Les loquets s’ouvrirent d’un clic.

À l’intérieur, il n’y avait ni argent liquide ni or, seulement une épaisse pile d’enveloppes, deux albums photos et un carnet en cuir usé.

J’ai pris la première lettre. Elle était écrite de la main d’Ezra et datée de douze ans plus tôt, du dimanche où nous avions pris un café ensemble pour la première fois.

Il y en avait une pour chaque dimanche suivant. Des centaines. Mais il n’en avait jamais envoyé une seule.

J’ai ensuite ouvert le journal, et mes mains ont commencé à trembler.

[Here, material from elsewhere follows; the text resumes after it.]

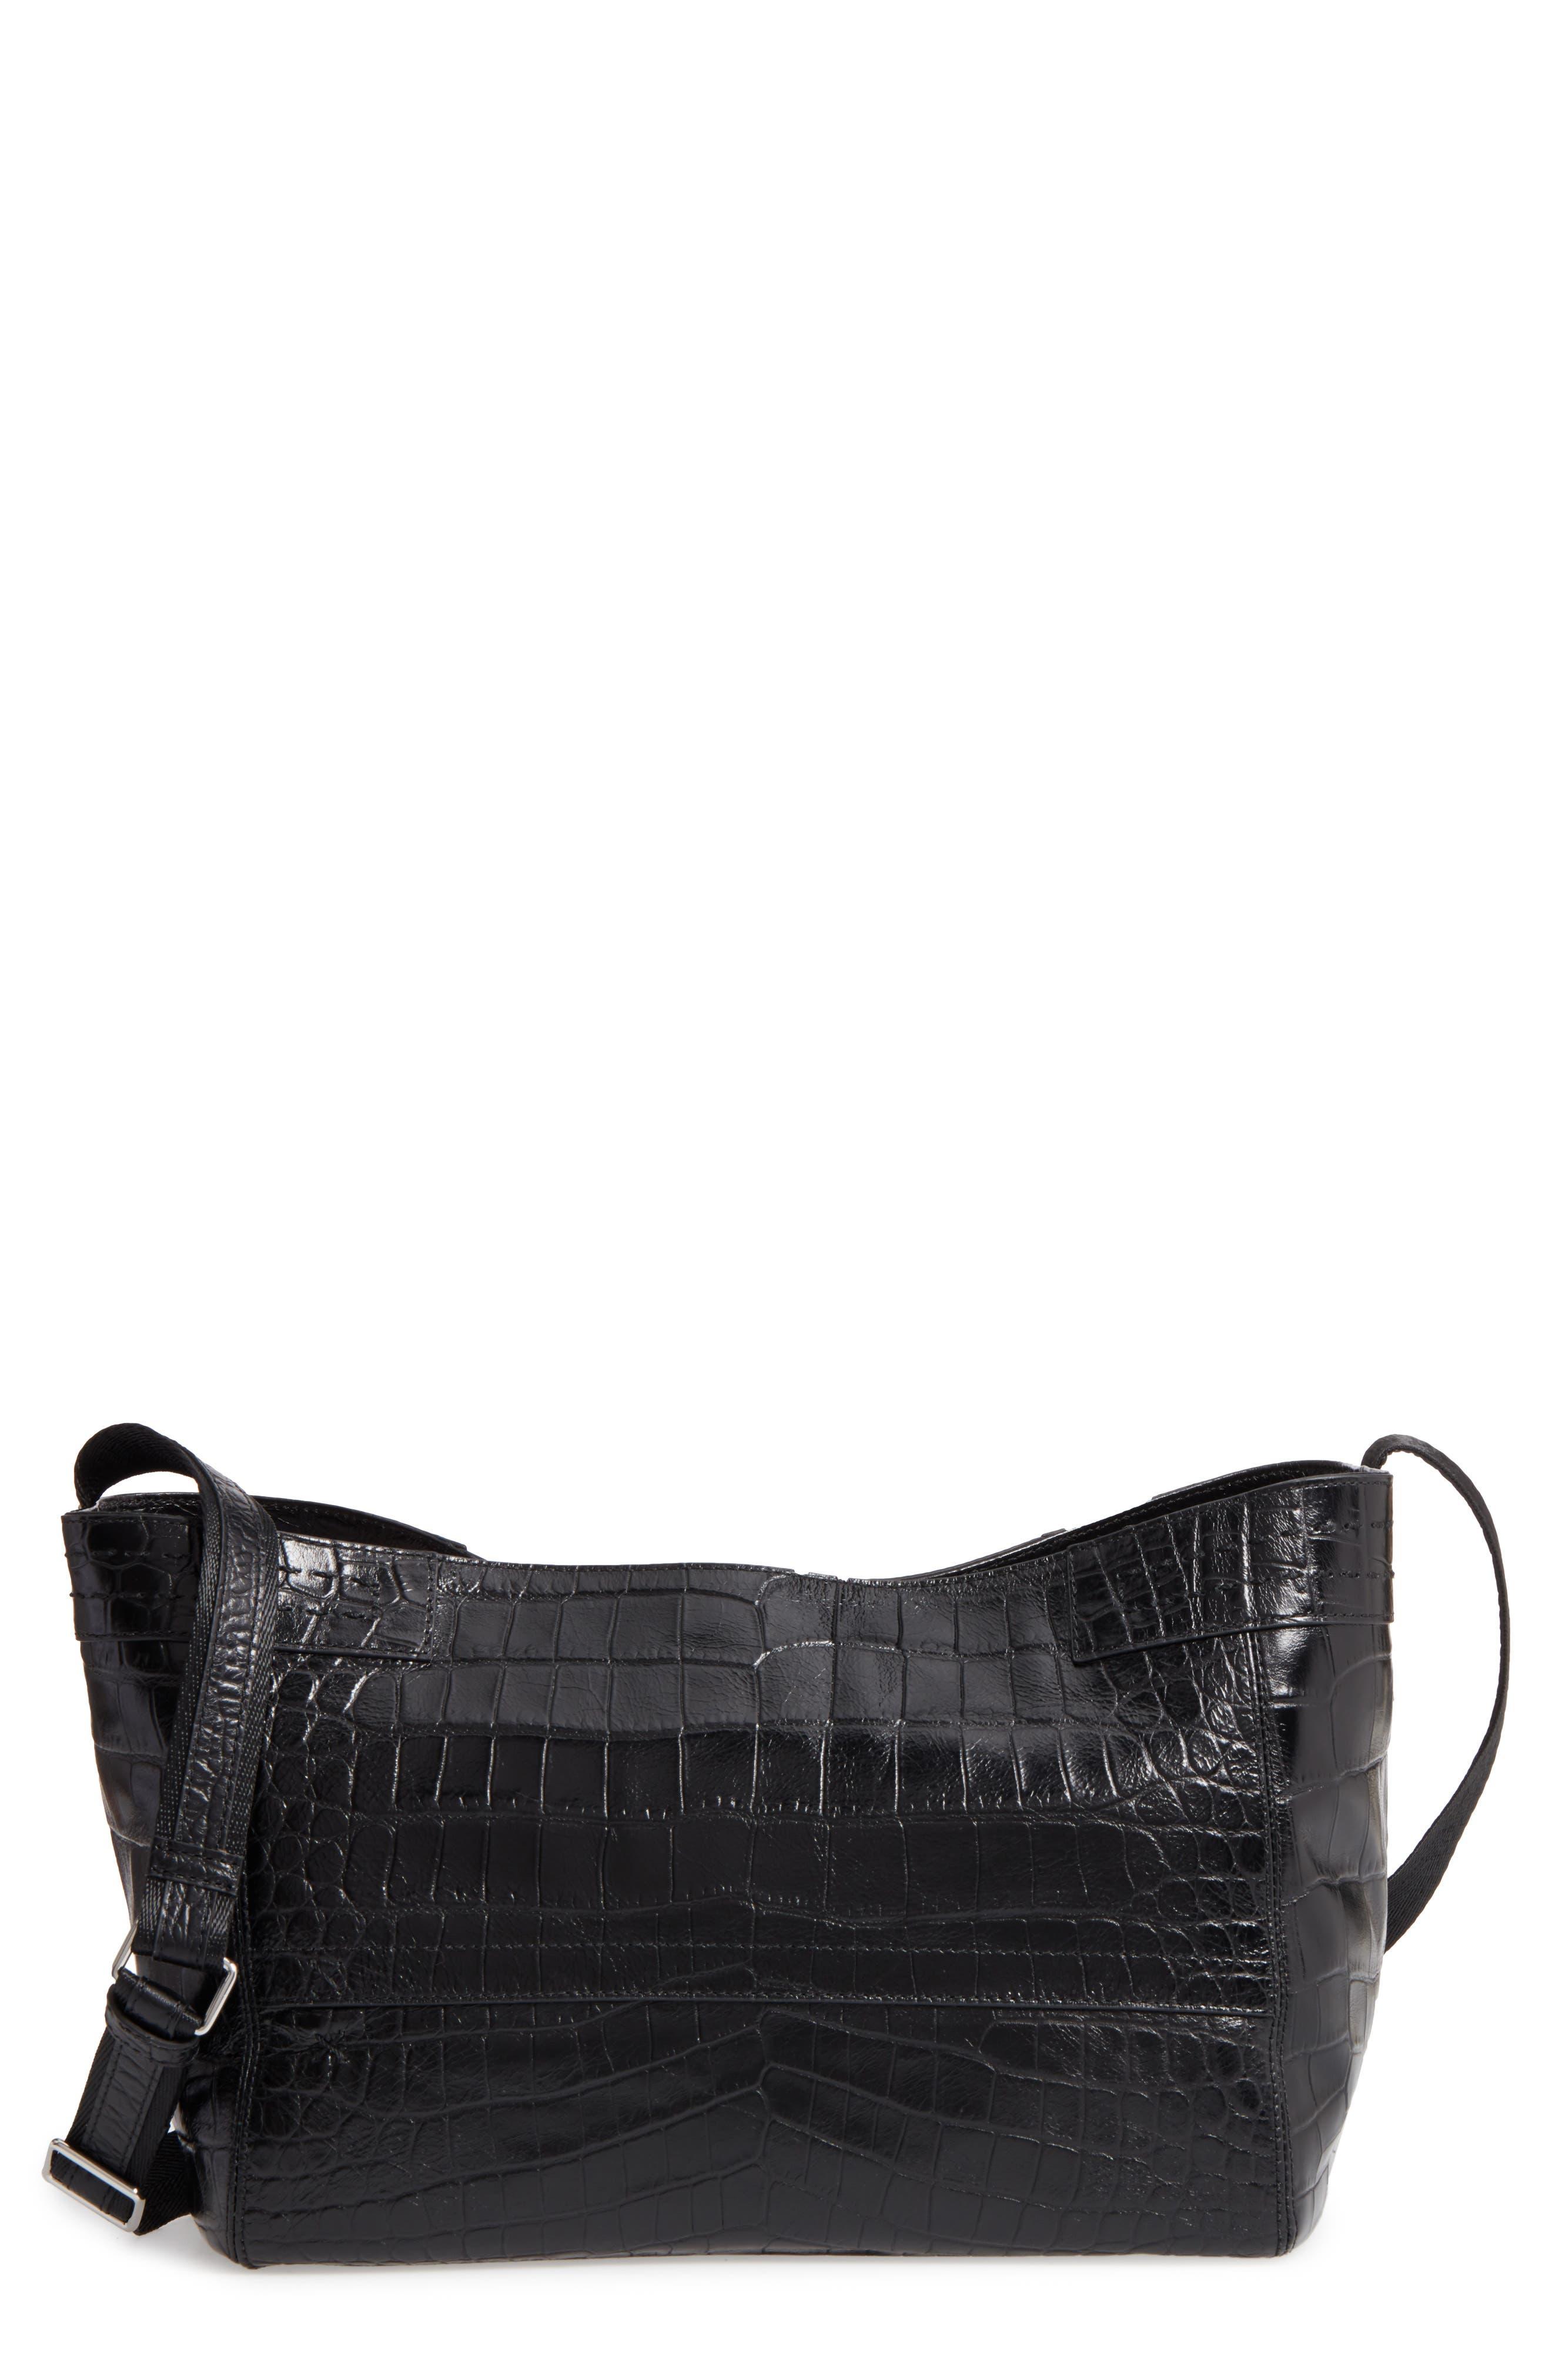 Mini Keely Newspaper Croc Embossed Leather Shoulder/Crossbody Bag,                         Main,                         color, 001

Ezra a écrit au sujet d’un fils qu’il avait perdu des décennies auparavant, un garçon nommé Daniel. Un jour, alors que la conversation abordait le sujet des enfants à table, mon voisin s’était tu puis avait fini par dire : « Margaret et moi avons eu un garçon, il y a longtemps. Je n’en parle pas souvent. »

Je ne l’avais pas poussé.

Dans son journal, il écrivait qu’à un moment donné, il avait commencé, discrètement, à me considérer comme il considérait Daniel autrefois. Au fond se trouvait une enveloppe scellée à mon nom et une attestation notariée de l’avocat.

Ezra avait donné des instructions des années auparavant pour que la valise me soit remise. Il en avait lui-même mis à jour le contenu et l’avait apportée à M. Whitman le mois dernier ! Il y avait aussi un modeste compte d’épargne ouvert des années plus tôt. Il était distinct de la succession et ne pouvait être touché.

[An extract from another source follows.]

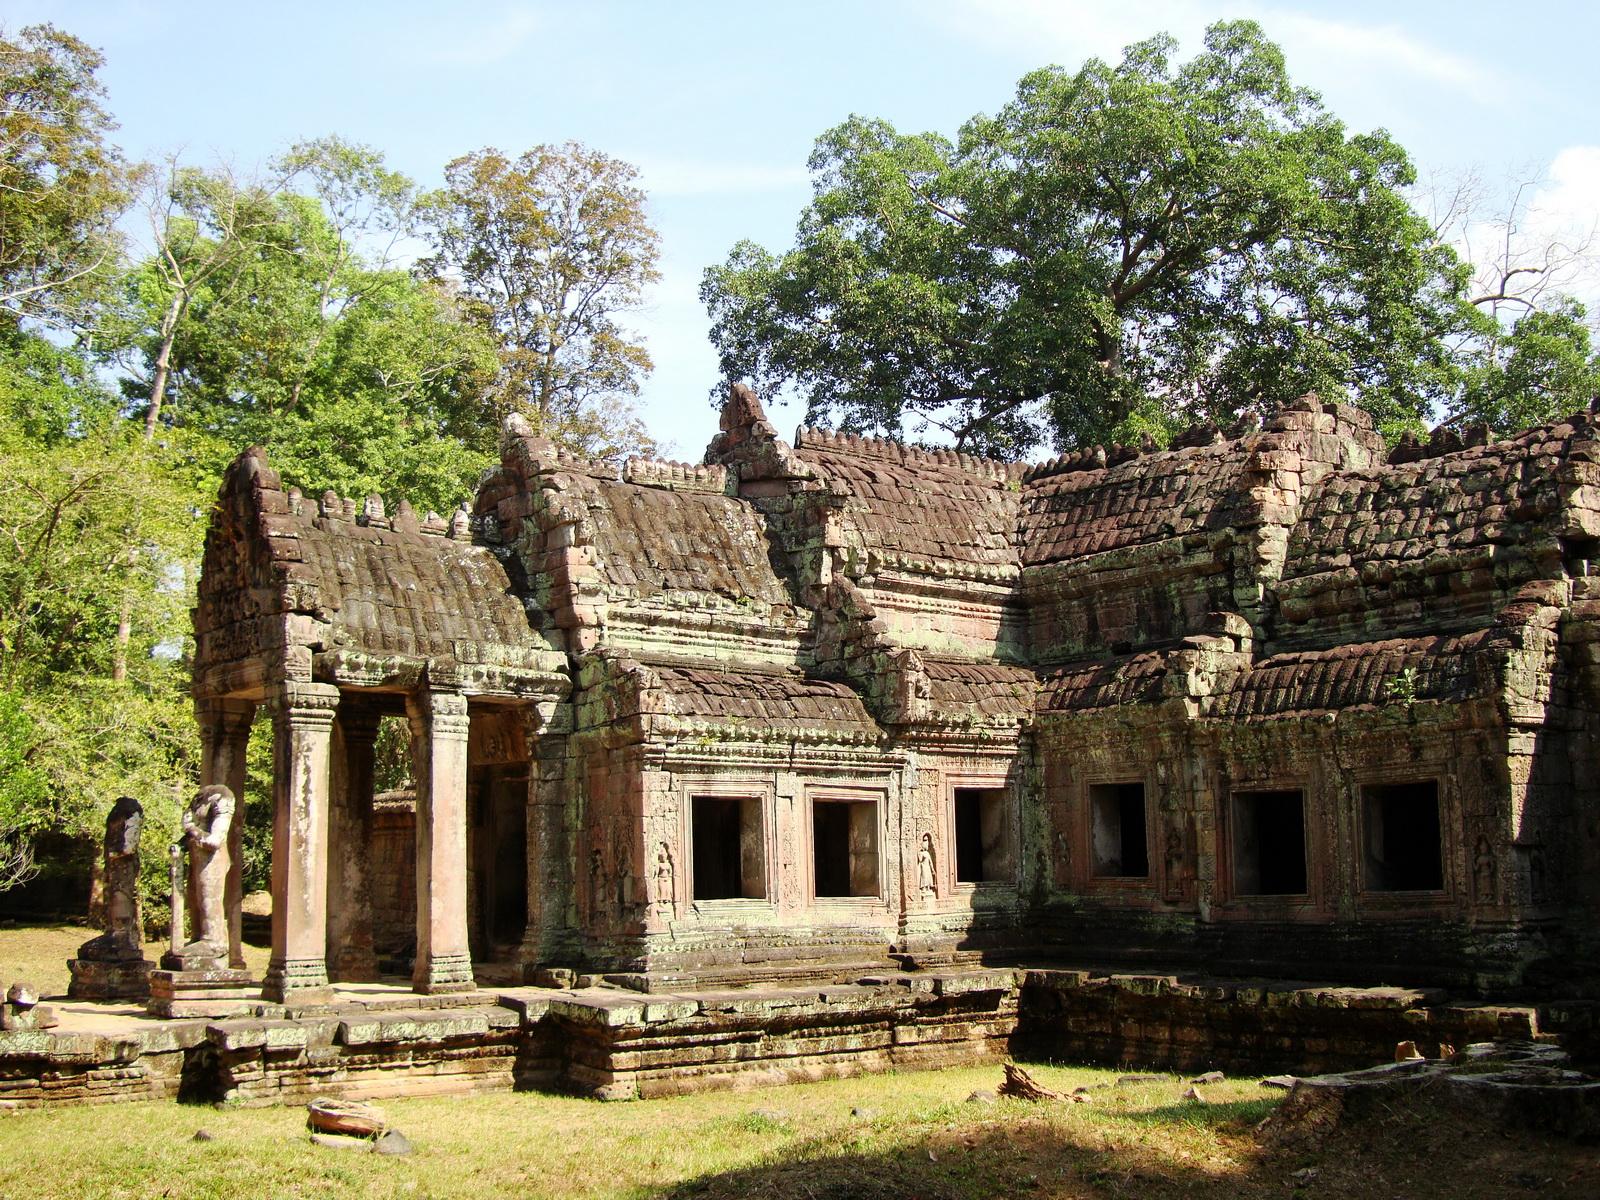 Preah Khan West entrance gopura headless guardians Angkor Thom 07

Claire s’est assise à côté de moi et a lu en même temps que moi, les yeux remplis de larmes.

« L’amour que vous partagiez était vraiment magnifique. Parfois, ça me touchait, je ne vais pas le cacher, mais je suis content que vous vous soyez trouvés. »

Nous nous sommes enlacés, tous les deux en pleurs.